Today I finished the first draft of the first chapter of my first novel. At 10,000 words that’s quite some chapter but its length has been dictated by its contents, which I feel must be presented as a continuum. This first chapter recounts the events of a single crucial day in the life of its protagonist. The writing of it has left me tired and drained, because it’s very sad.

It’s a strange feeling, embarking on a project of this size. I’ve been preparing for it for months, but nothing aside from actually getting down there and doing it could have prepared me for the vertiginous sensation of unlimited possibility.  None of the short stories I’ve written this year have been particularly short; each has had to be reined in to keep it from running out of control. Now there’s no need to do that. I can show everything.

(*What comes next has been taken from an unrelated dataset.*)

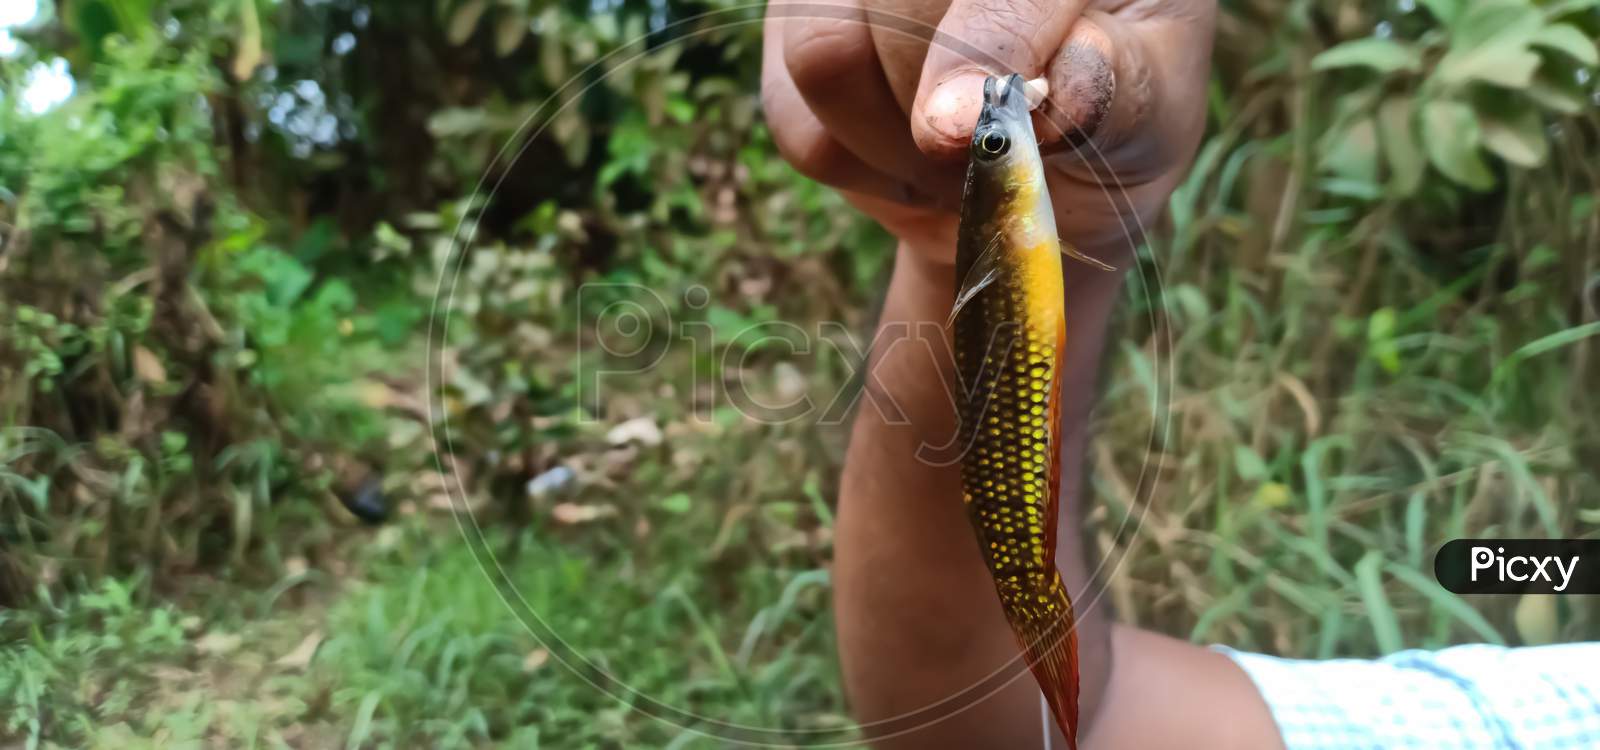 Small Fish Caught On Fishing Tackle

The writer I keep thinking of at the moment is Nicola Barker. I keep wondering how she felt when she started to write Darkmans, which is one of my most admired novels of the past ten years and a modern masterpiece. That it should have won the Booker when it was shortlisted in 2007 is for me a given. In scale, ambition and achievement the book is vast. Did she know as she wrote the first word that it would be that huge? It’s proof to me that simply by sitting down and doing them such things can be done.

Now reading Margaret Atwood’s Alias Grace:

All the same, Murderess is a strong word to have attached to you. It has a smell to it, that word – musky and oppressive, like dead flowers in a vase. Sometimes at night I whisper it over to myself: Murderess, Murderess. It rustles, like a taffeta skirt across the floor.

God that’s good.

Quote of the day though has to come from one Rob Hull, who has just got into the 2012 Guinness Book of Records for having amassed the largest ever collection of Daleks. Asked what started him off, he recalled the moment when, as a child, he saw his first ever Dalek replica in a toy shop window and was forever smitten:

”My mum wouldn’t buy it for me, but I swore at that moment that I’d have my own one day.”

Didn’t we all, Rob, didn’t we all. 517 Daleks later, he is still collecting.